If pictures appear in the lines below, skip them and copy exactly the lines from the one containing "2003 Chevrolet Silverado" through the one containing "Как связать юбку", and nothing else.

RECORDS PROVIDED:
- Opening Delimiter -
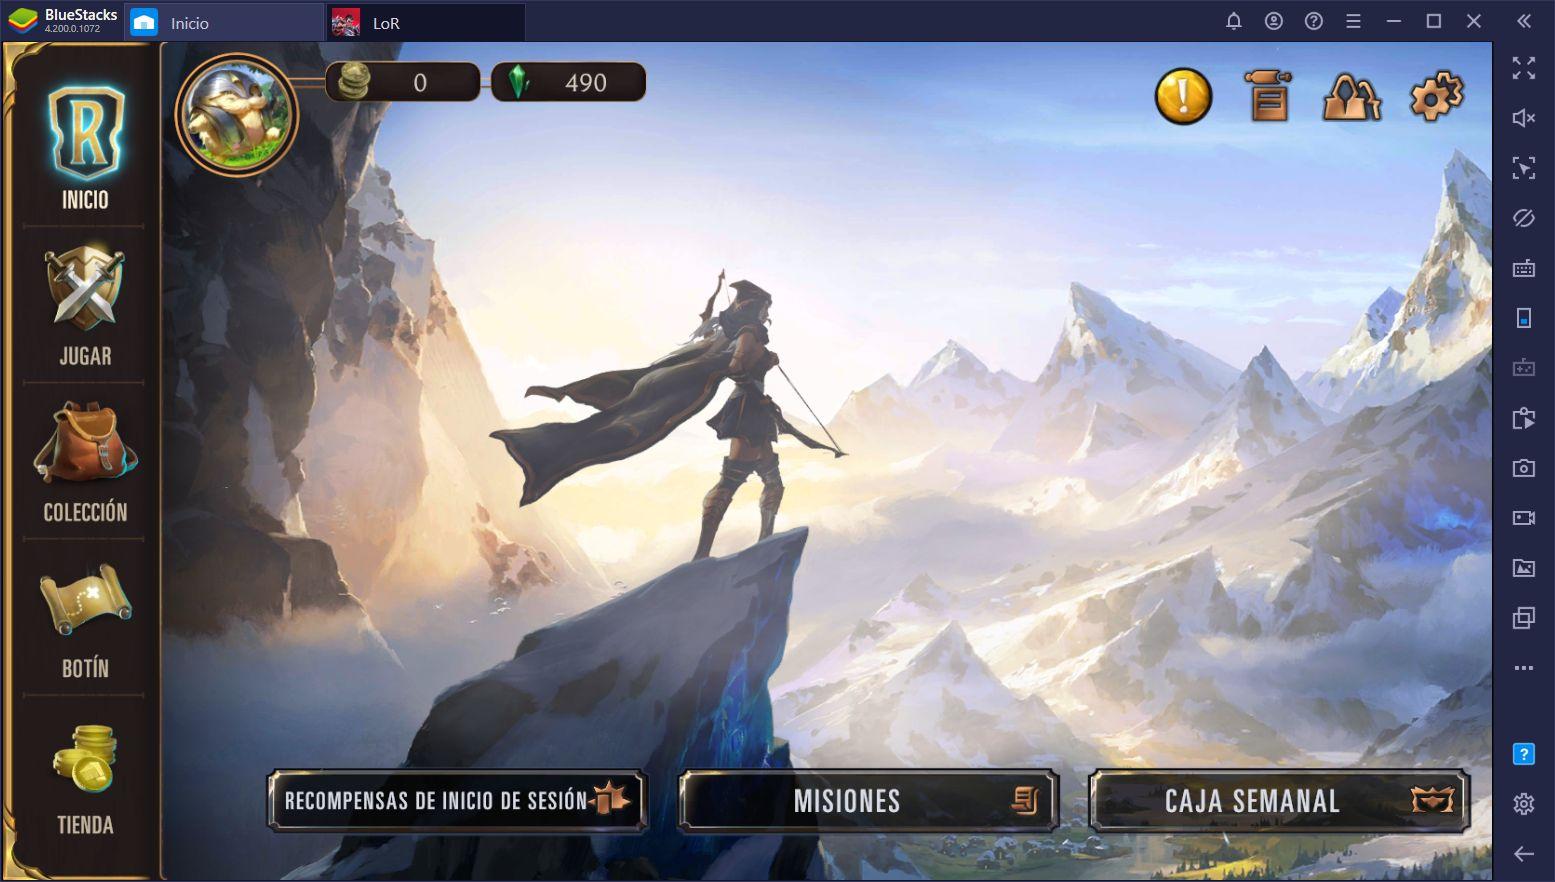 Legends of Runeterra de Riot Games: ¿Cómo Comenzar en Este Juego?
- Closing Delimiter -
- Opening Delimiter -
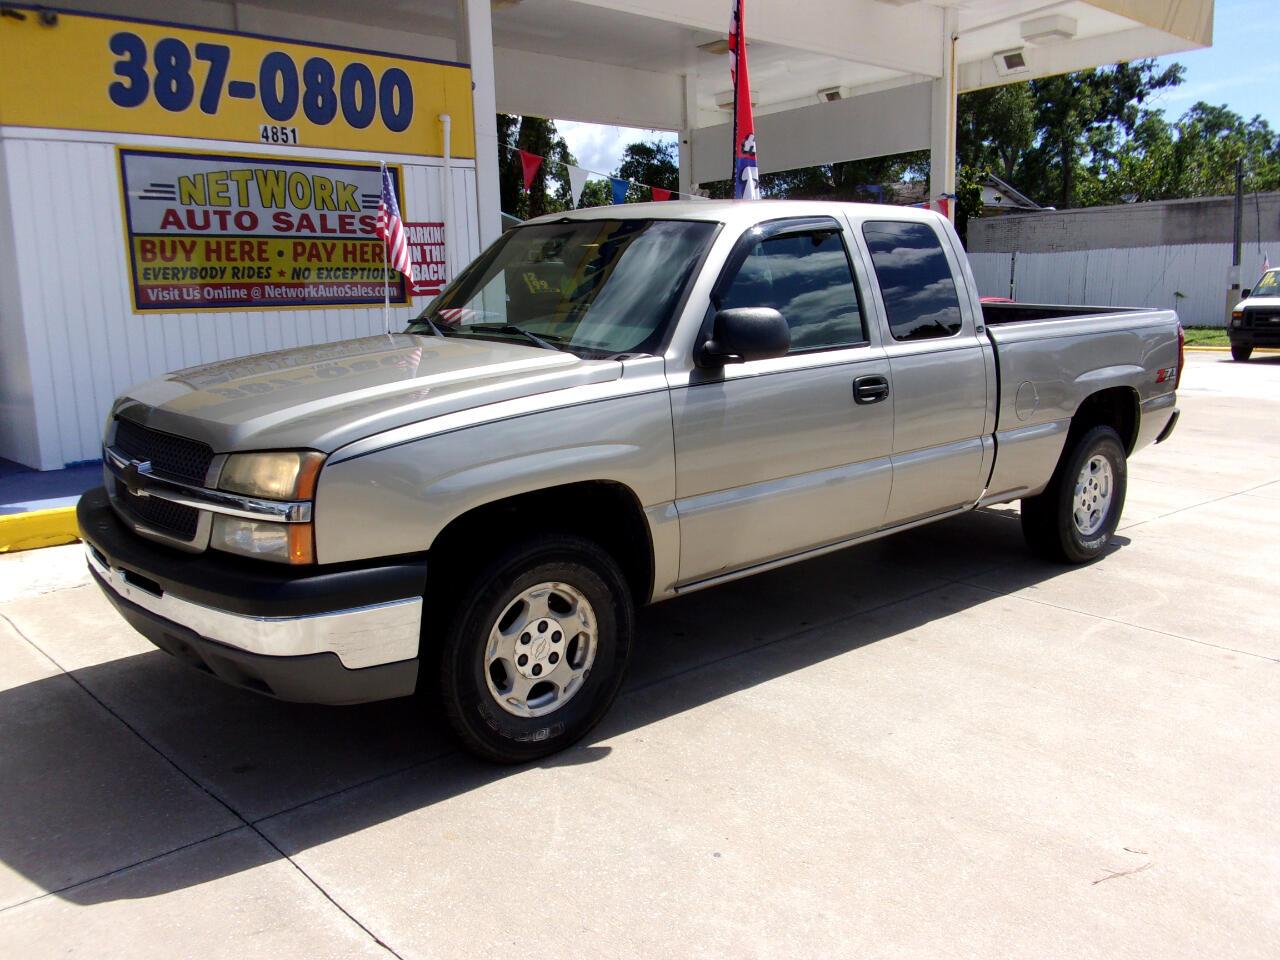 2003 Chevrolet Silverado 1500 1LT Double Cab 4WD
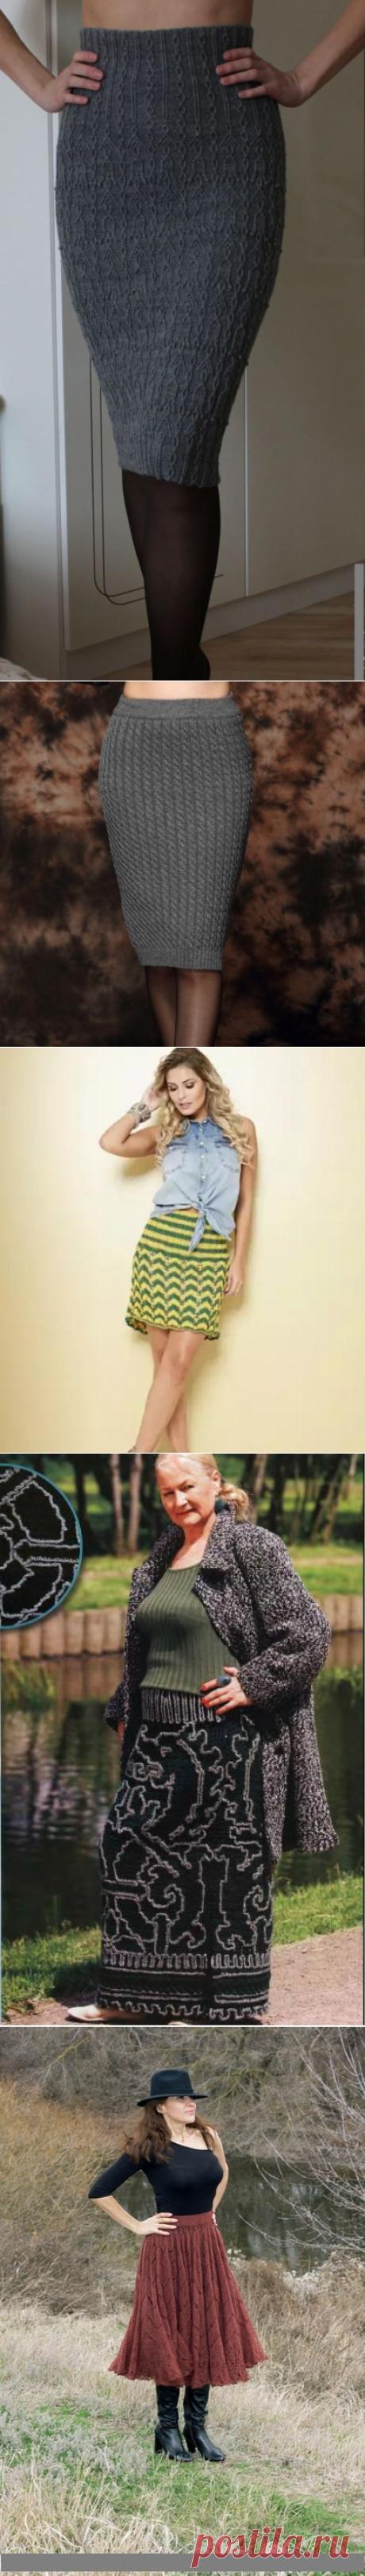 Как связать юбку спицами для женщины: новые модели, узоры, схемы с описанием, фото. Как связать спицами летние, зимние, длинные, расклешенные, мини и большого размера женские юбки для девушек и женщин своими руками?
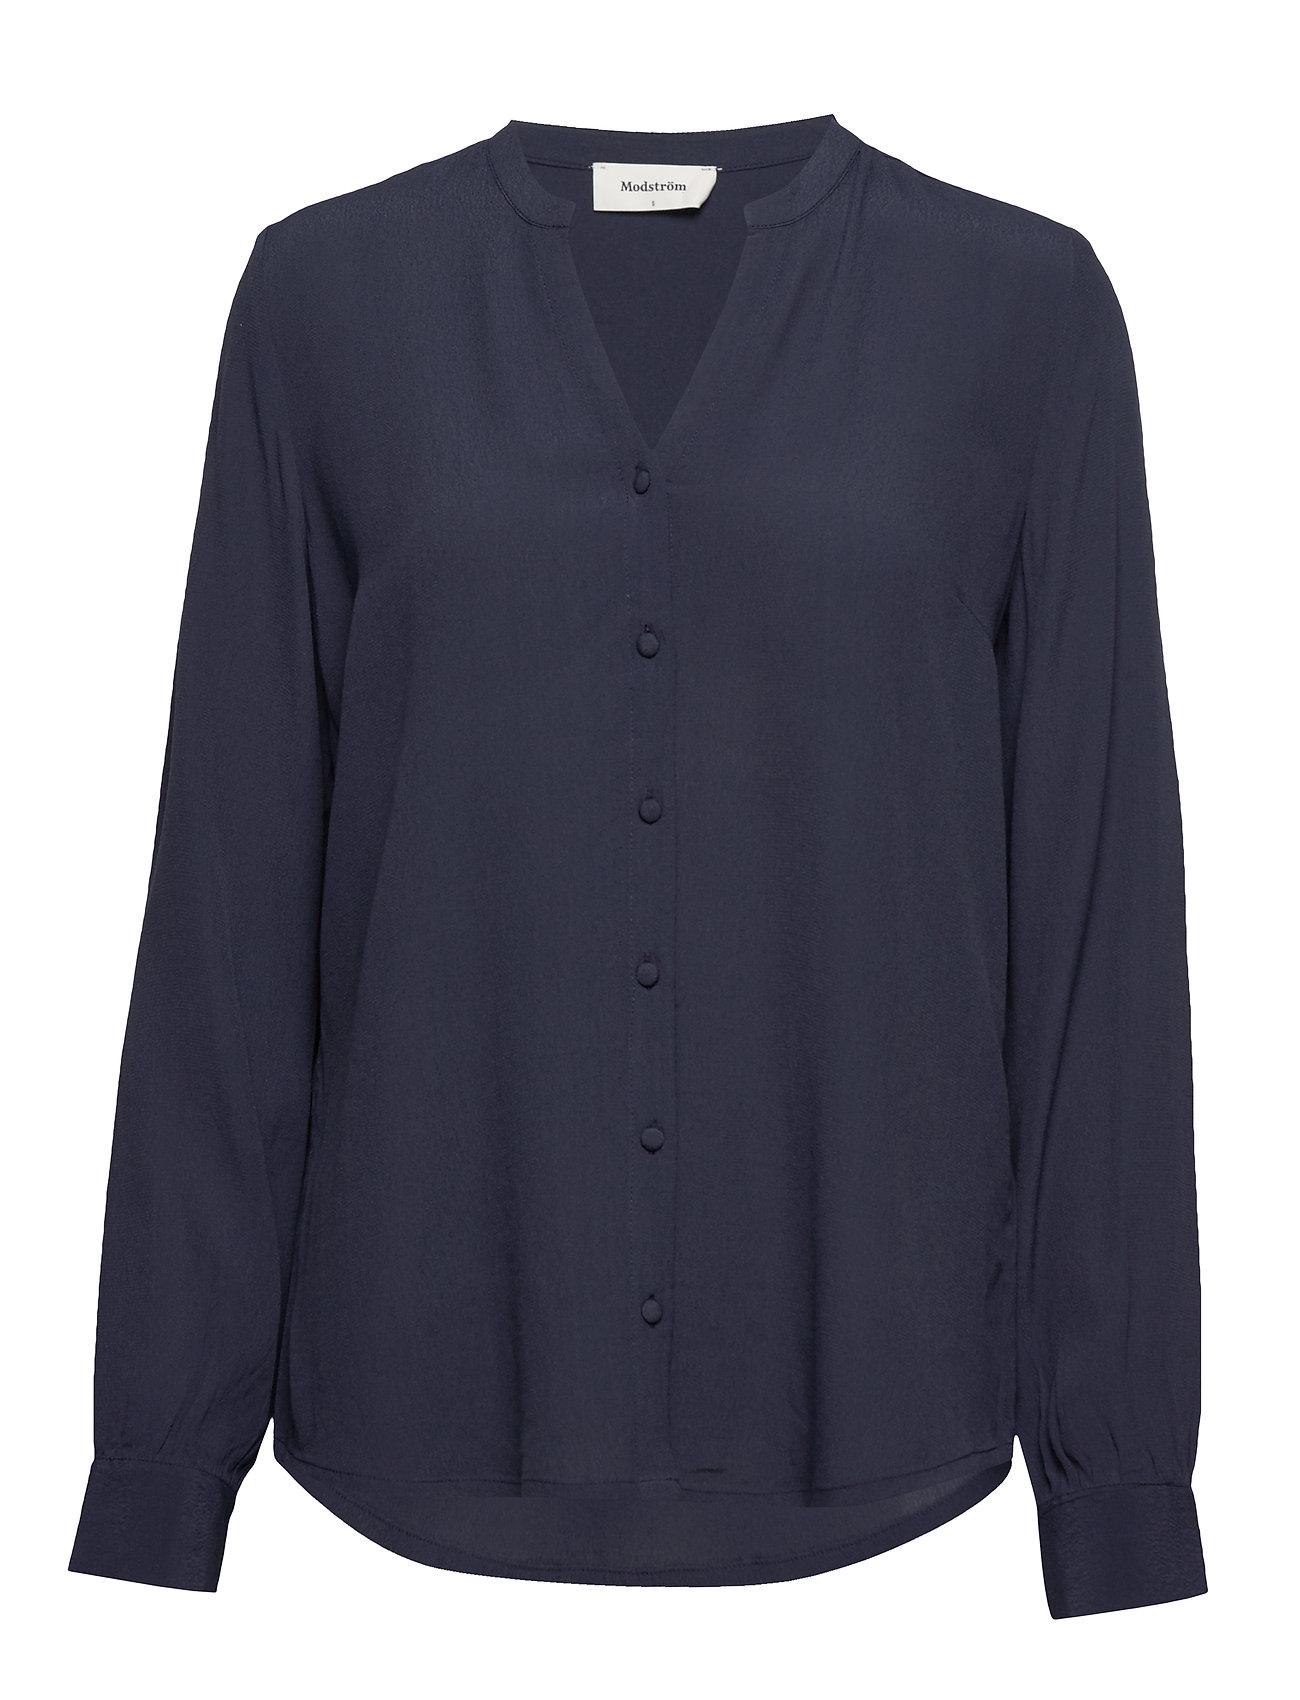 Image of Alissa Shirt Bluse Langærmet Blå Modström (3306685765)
- Closing Delimiter -
WRITTEN RESPONSE:
 2003 Chevrolet Silverado 1500 1LT Double Cab 4WD
 Как связать юбку спицами для женщины: новые модели, узоры, схемы с описанием, фото. Как связать спицами летние, зимние, длинные, расклешенные, мини и большого размера женские юбки для девушек и женщин своими руками?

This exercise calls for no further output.